[Work task] Go to the line containing "Catear Wireless Headphones VIV-23M" in the material below. From there to the end, retype every line exactly and drop the pictures.

[Data provided]

========================

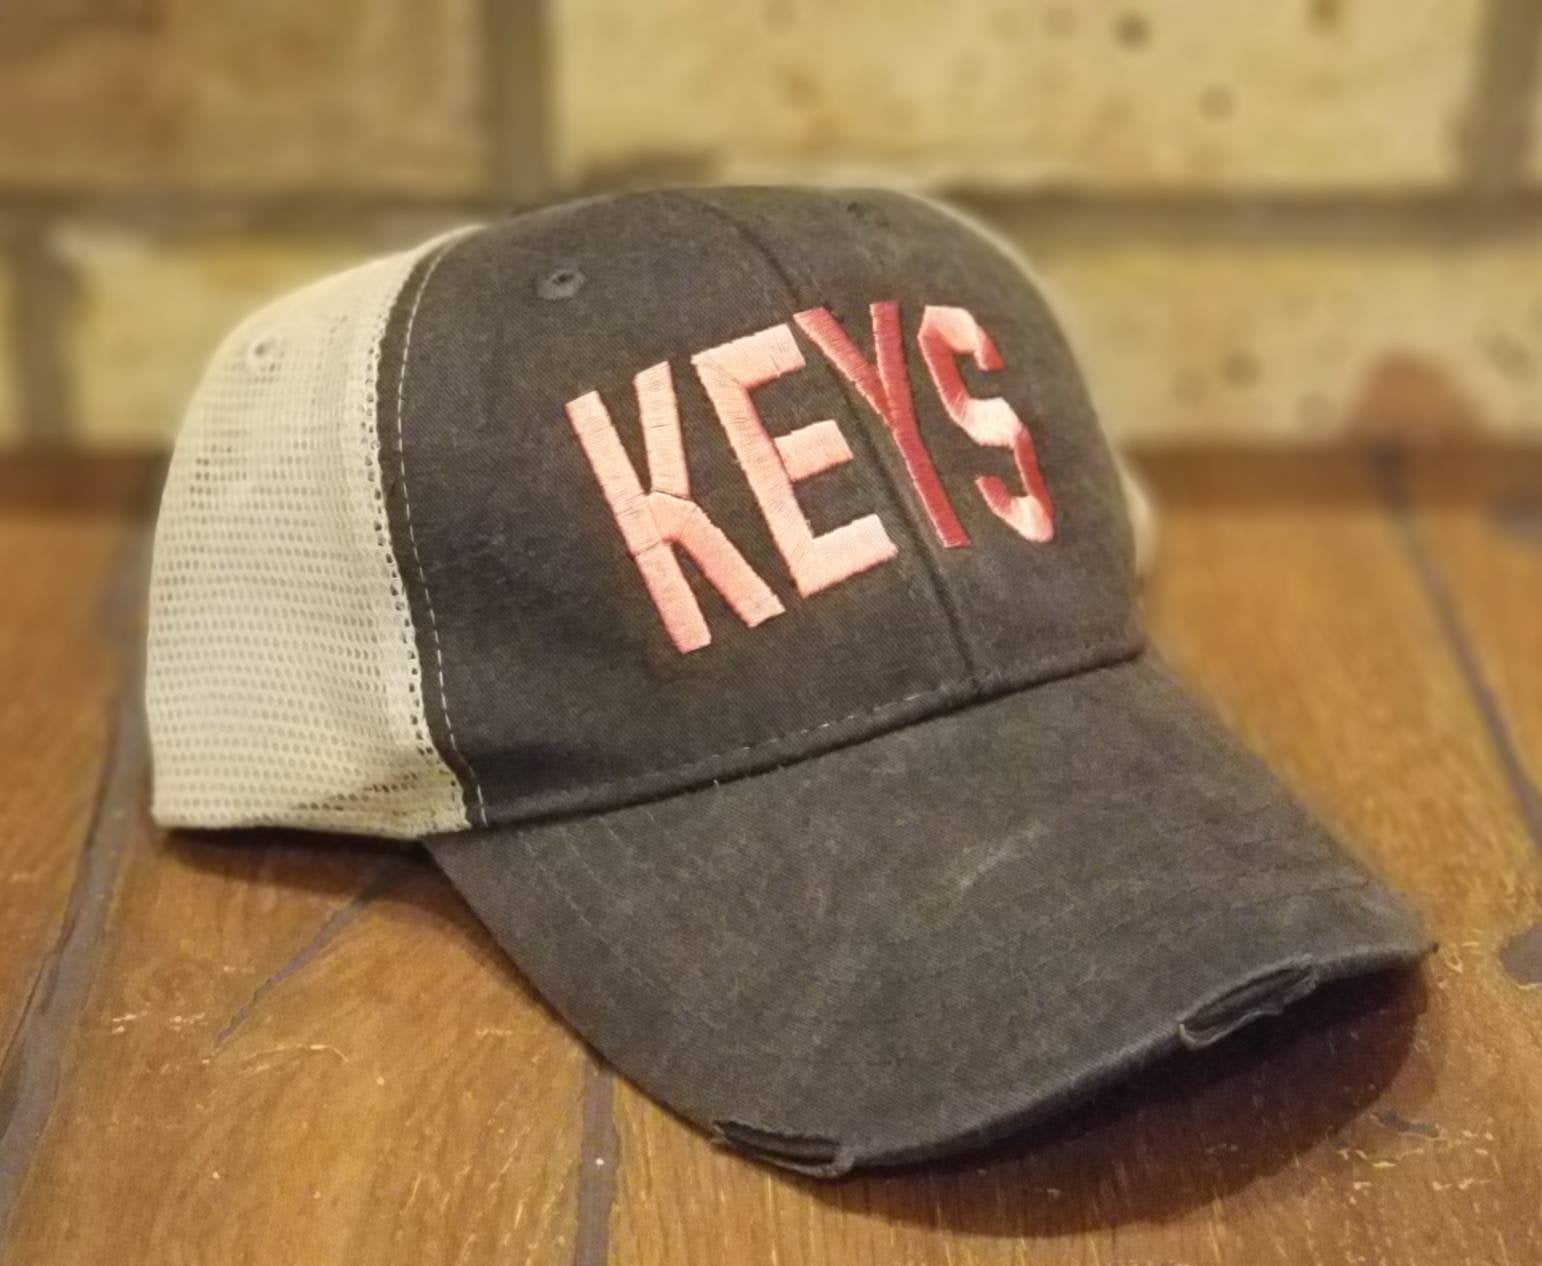 KEYS Embroidered Hat - Airport Code Florida Keys Hat, FL Personalized Trucker Hat, Summer Vacation, Beach, Spring Break, Ocean Trip Cap
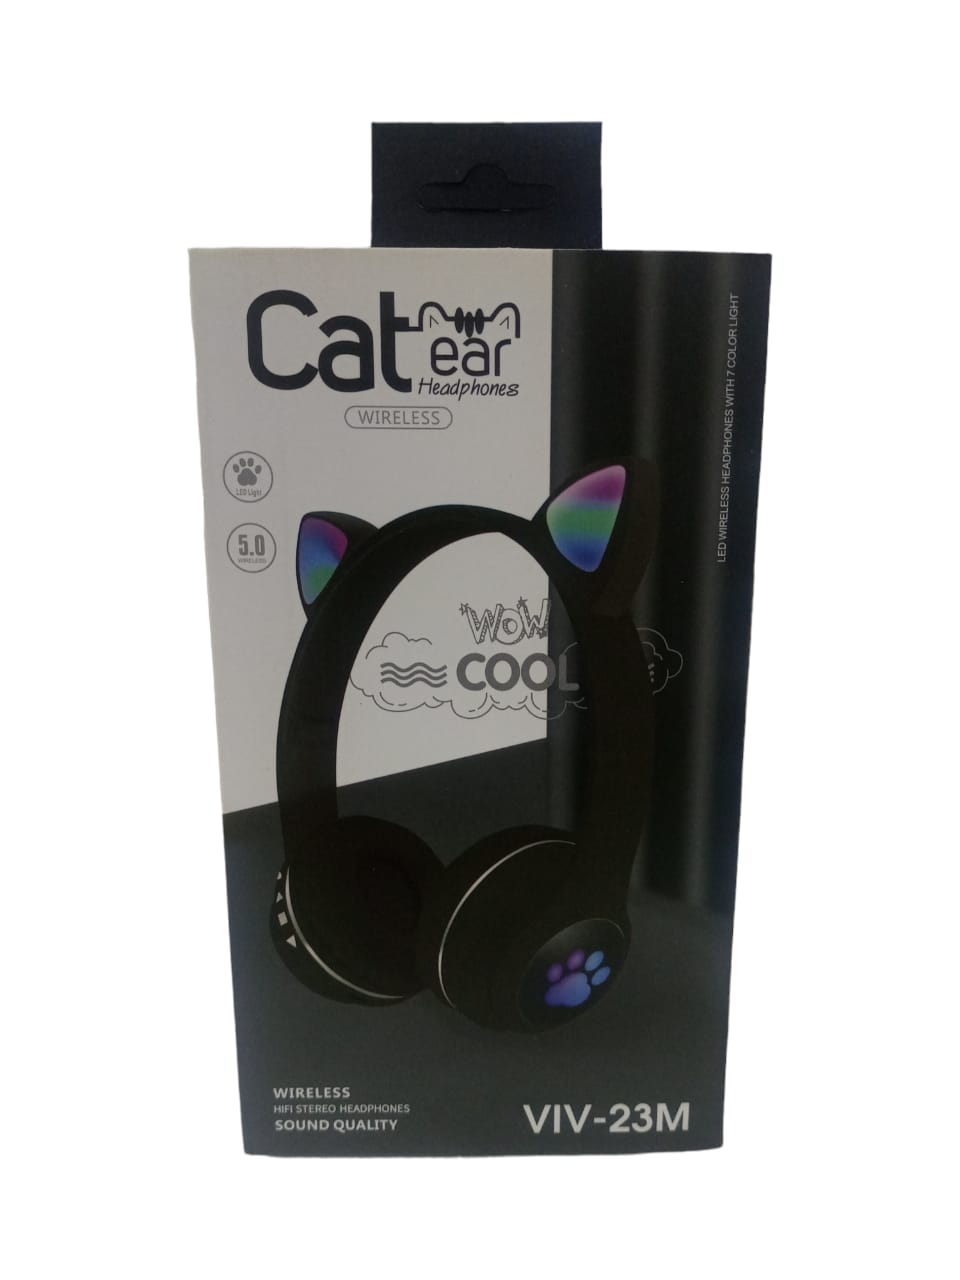 Catear Wireless Headphones VIV-23M
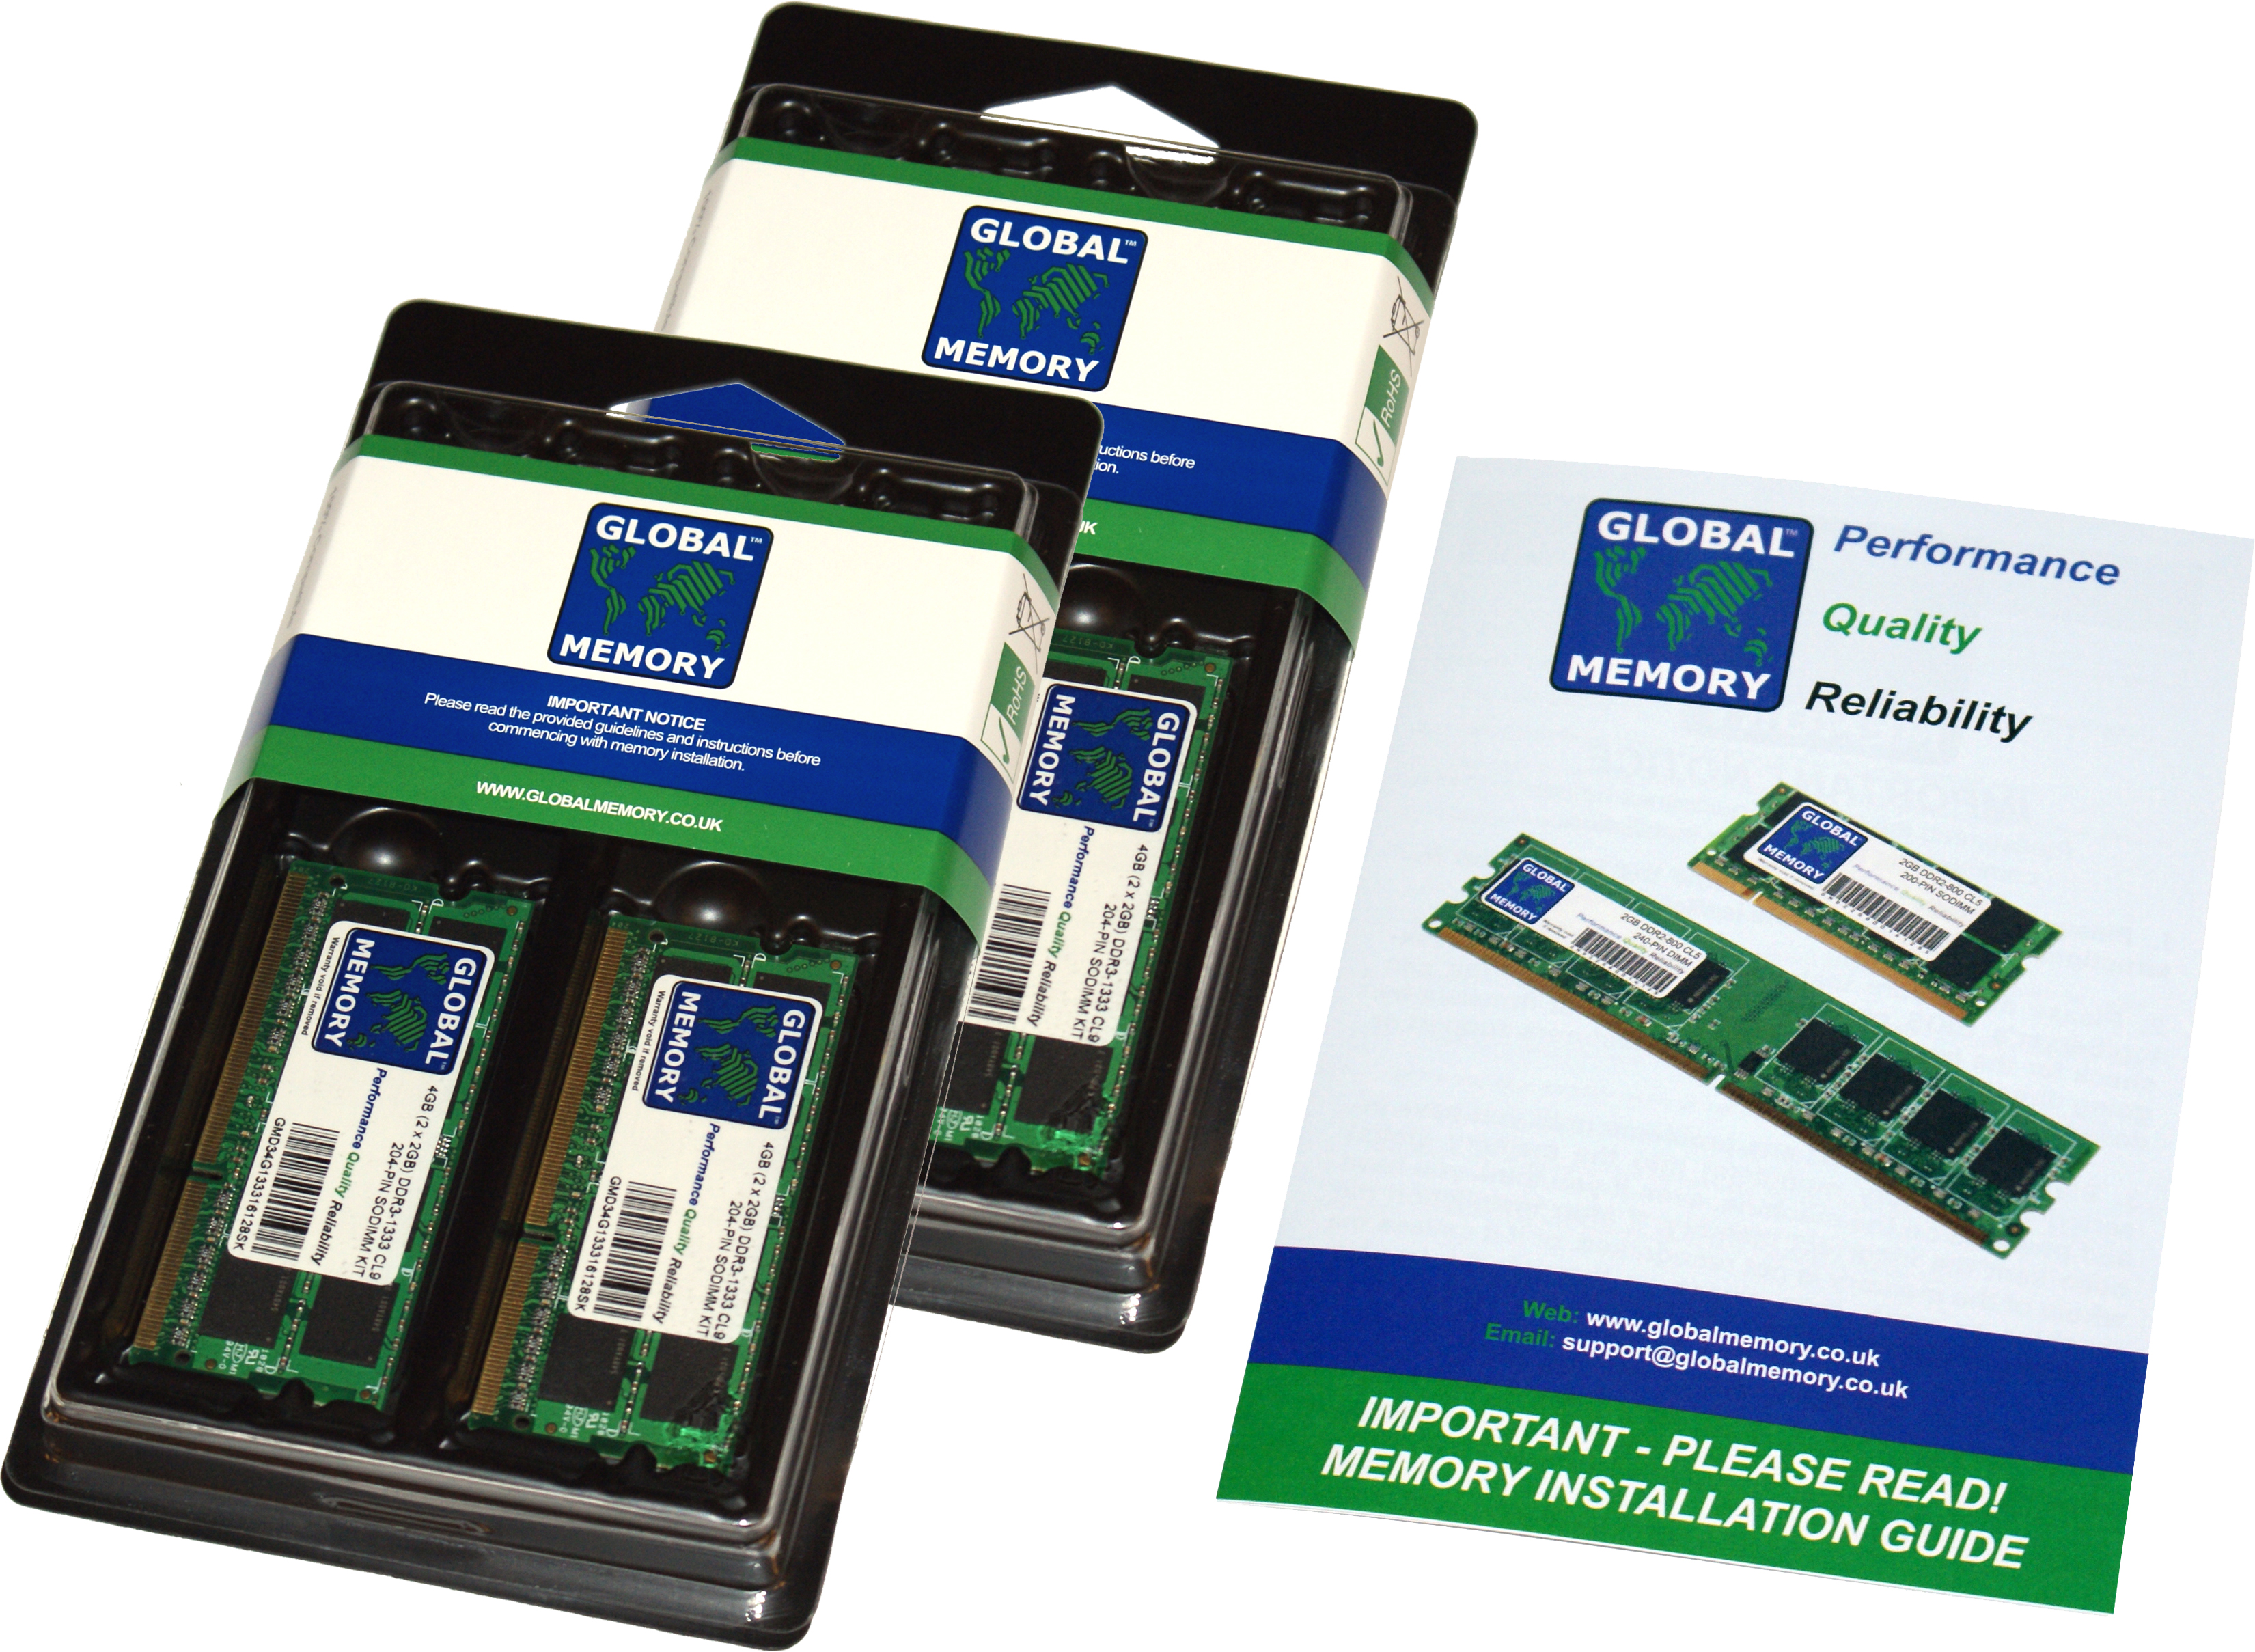 128GB (4 x 32GB) DDR4 2400MHz PC4-19200 260-PIN SODIMM MEMORY RAM KIT FOR LENOVO LAPTOPS/NOTEBOOKS

========================

[Solved problem]
 Catear Wireless Headphones VIV-23M
 128GB (4 x 32GB) DDR4 2400MHz PC4-19200 260-PIN SODIMM MEMORY RAM KIT FOR LENOVO LAPTOPS/NOTEBOOKS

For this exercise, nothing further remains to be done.